Ionizing radiation is, more or less, radiation with a wavelength that is around 2x that of many polar molecules, or less. Ionizing radiation is where molecules, themselves, seem to become antennas and become subject to the effects of current flow and induced electrostatic differences across the molecule.

The question for many is if longer wavelengths can have similar effects, if at a much less prominent extent. After all, antennas many times smaller than the wavelength can be picked up, just at a much lower quality and coupling. Since DNA and other molecules are rather large, as are cellular structures - the concern is that these microwaves from the 5g networks are able to dissipate more power into these structures and cause problems similar to ionizing radiation, without actually being ionizing radiation in the engineering context.

 

Of course, these higher frequencies are also gobbled up by water. They don't penetrate deeply into the skin.

https://en.m.wikipedia.org/wiki/Electromagnetic_absorption_by_water

30+GHz is in the millimeter band and approaches the sub-millimeter band. So the concerns are mostly about the effects on skin or organs close to the skin.

 

I have my concerns about RF exposure - but they are less to do with "fry ur brain" and far more to do with exactly where the RF power that hits the body is going - into the water of the body or into the cellular structures? Even if it is doing bad things, it's relatively minor compared to sunlight exposure and even the UV from fluorescent lighting. So - I'm not too worried about it killing people.

Anonymous ID: 5b8837 Feb. 21, 2019, 2:46 p.m. No.5311714   🗄️.is 🔗kun   >>1767

>>5311372

Modem, anon. Using telephone lines. I thought it was relatively obvious I was referring to the signal sent through the wires.

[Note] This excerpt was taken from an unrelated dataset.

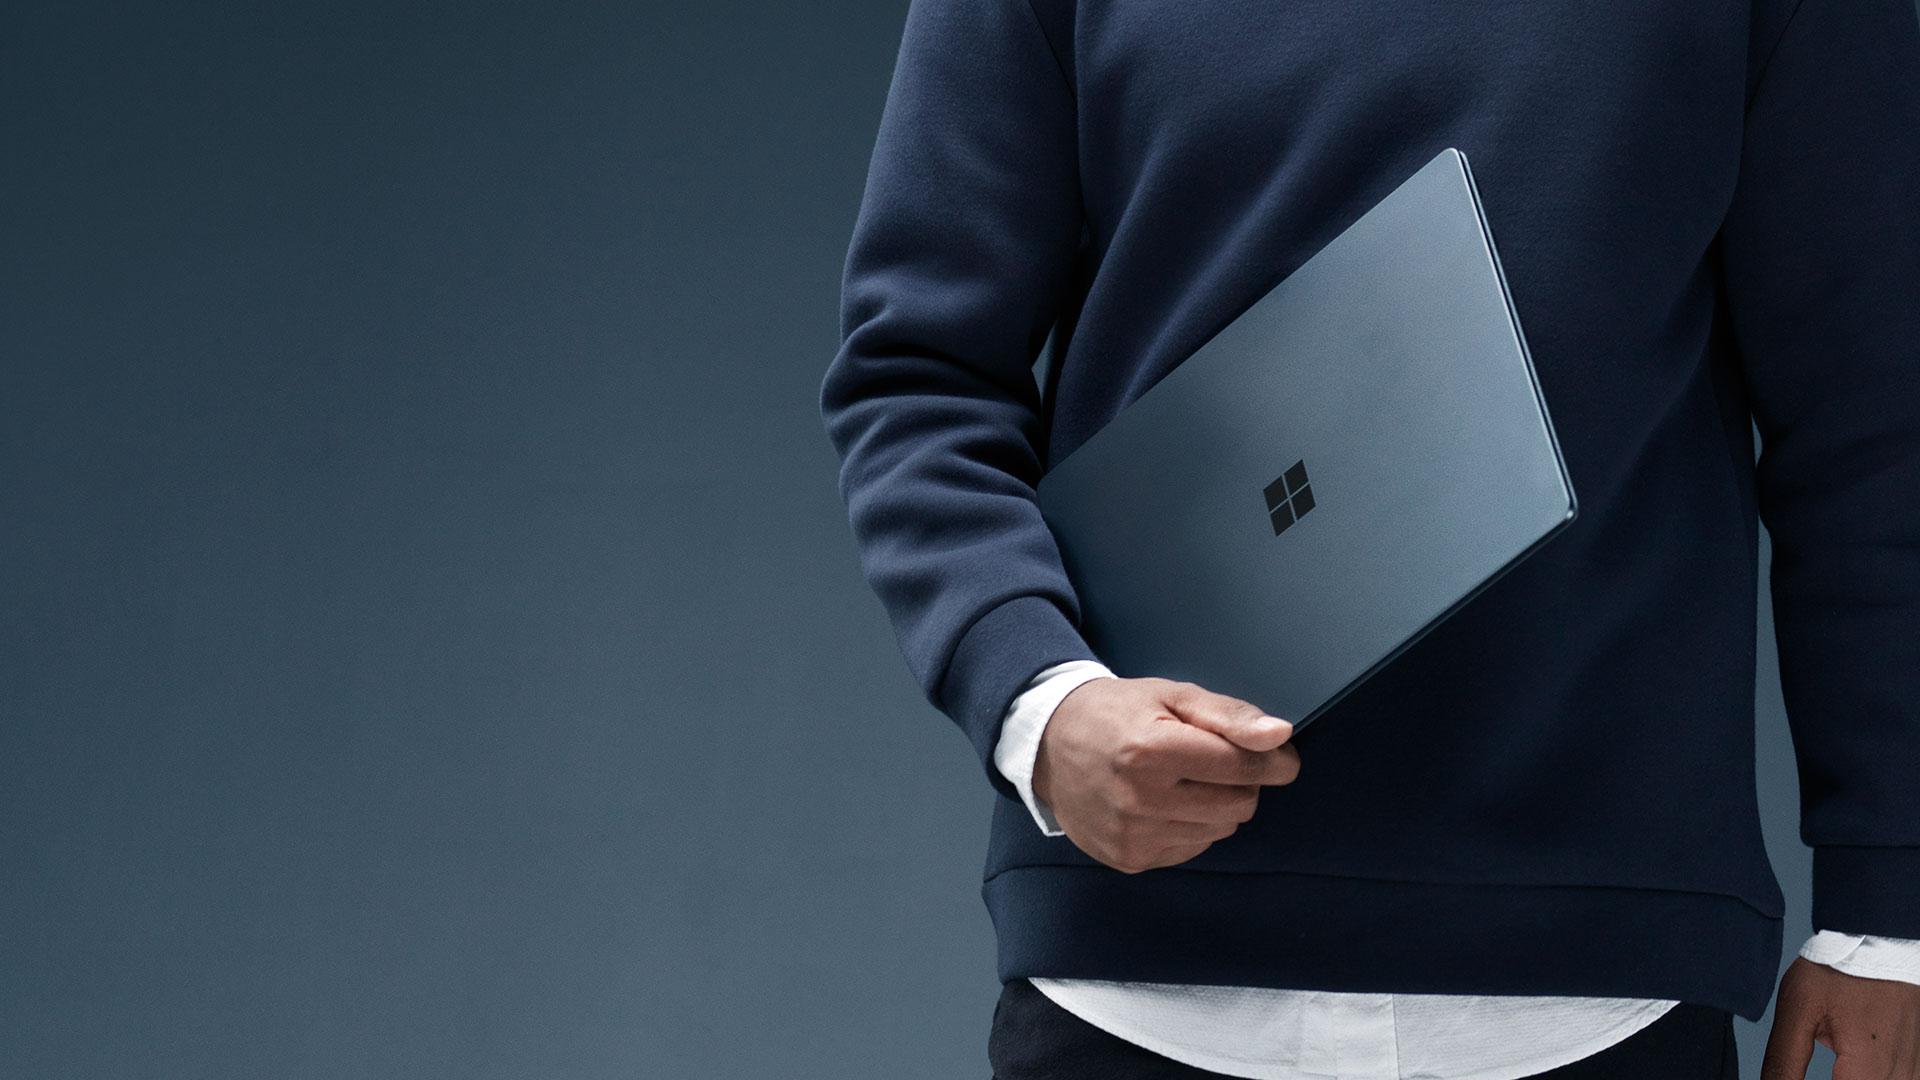 Mies kantaa koboltinsinistä Surface Laptopia

If you want to be technical, cable uses microwaves, it simply sends the signal through a coaxial conductor rather than through a standard twisted pair. Satellite uses antennas to direct these microwaves to/from satellites in orbit. Same basic concept, different transmitters.

 

Now, if you wanted to, you could hook one end of a modem up to a speaker/amplifier system, and another modem up to a microphone, and you could have an audio-signal based data system that sounds like Borg-Chewbacca… Which is exactly why you would not do such a thing.

Anonymous ID: 5b8837 Feb. 21, 2019, 2:48 p.m. No.5311779   🗄️.is 🔗kun   >>1979

>>5311669

Of course, since this would mostly be limited to the skin, and total average power is extremely low and maximal exposures intermittent, it's not really clear how great of a problem this is.

 

I see it as something to keep an eye on, but not something to stop the presses and turn off the towers over.

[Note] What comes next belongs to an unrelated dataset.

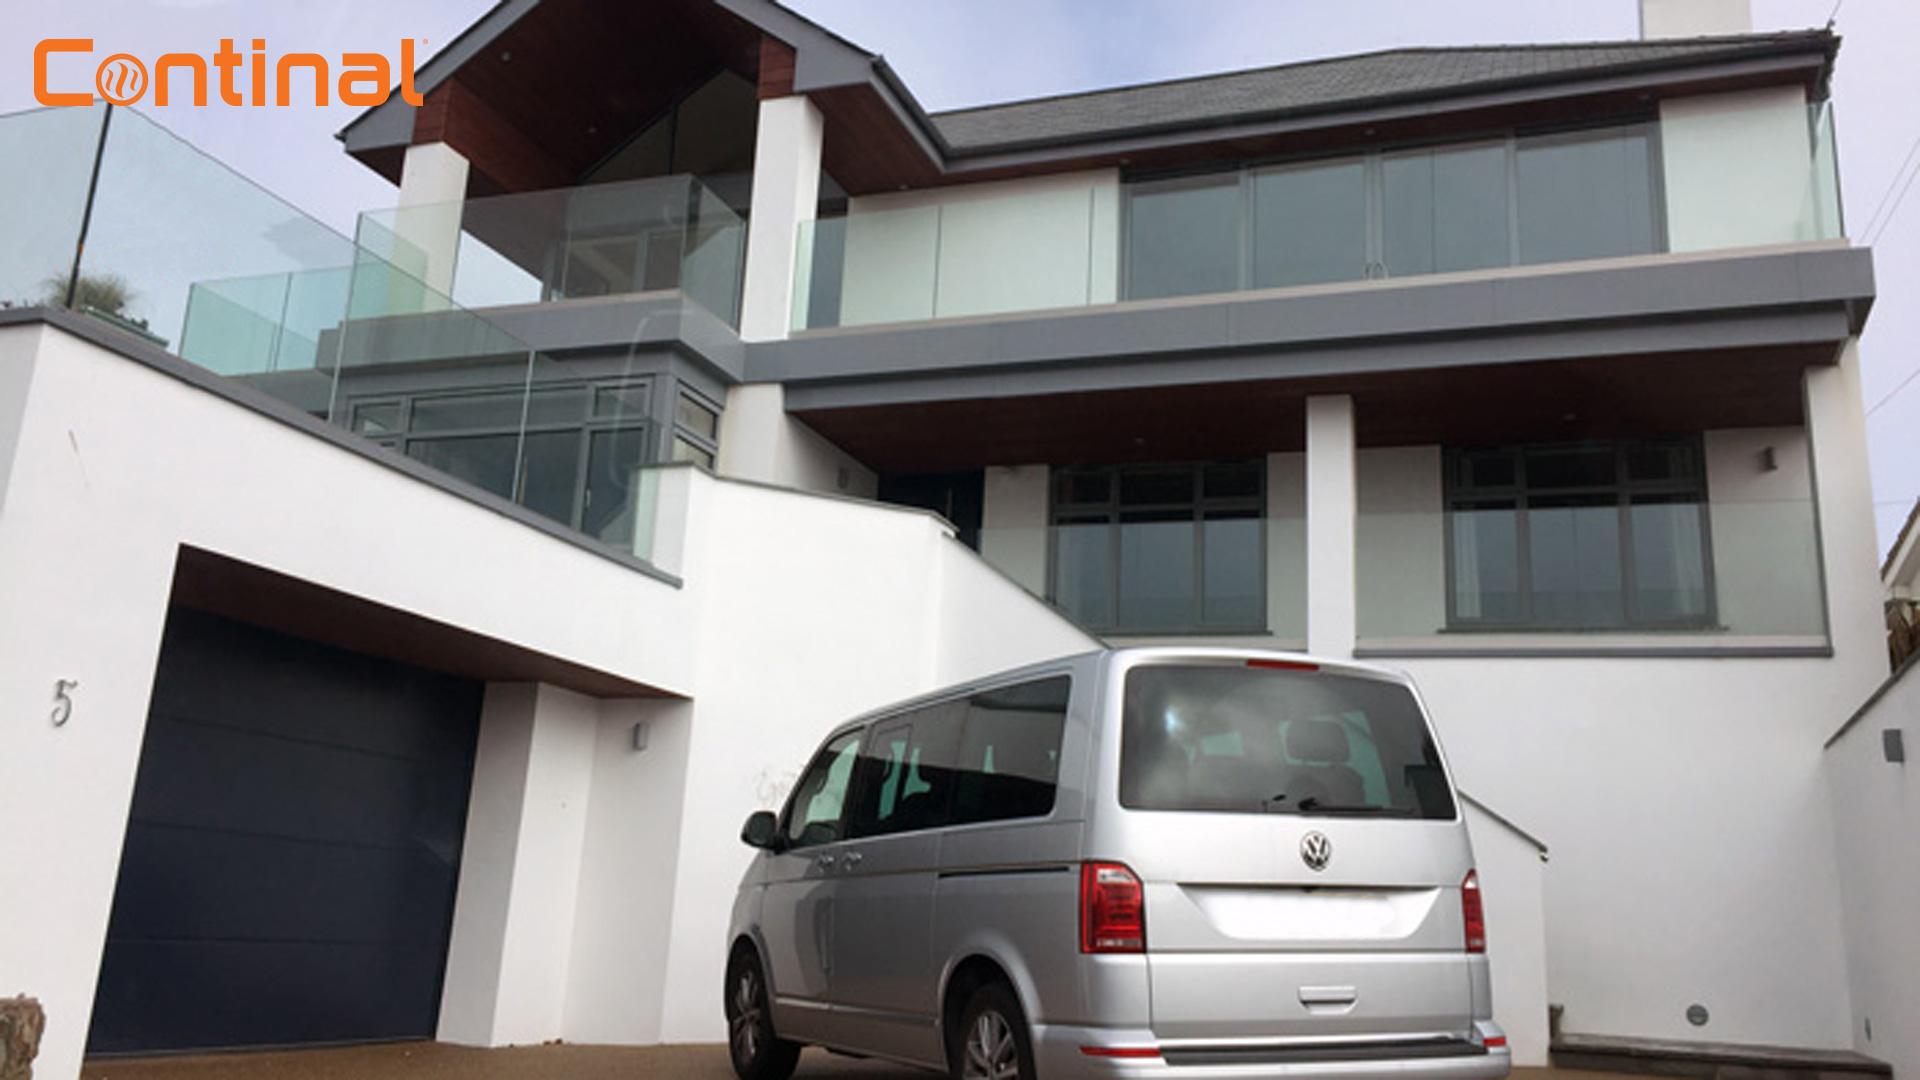 4-bedroom detached new build

Anonymous ID: 5b8837 Feb. 21, 2019, 2:53 p.m. No.5311899   🗄️.is 🔗kun

>>5311767

The point was to illustrate how the concept evolved… Not really to try and say that "because coax is safe, wireless is safe."

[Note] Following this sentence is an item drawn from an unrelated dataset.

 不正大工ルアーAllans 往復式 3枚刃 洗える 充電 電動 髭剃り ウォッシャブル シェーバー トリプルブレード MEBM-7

Cable is to wifi what telephones were to CB. A 56k modem is thus the logical basis for cable modems and the wireless internet of today.

Anonymous ID: 5b8837 Feb. 21, 2019, 2:59 p.m. No.5312040   🗄️.is 🔗kun

>>5311859

Different materials absorb RF differently. Why do submarines use ELF to receive orders while sumberged? Water devours the RF and microwave spectrum all the way up until red light. Then it lets visible light through and goes back to devouring ultraviolet.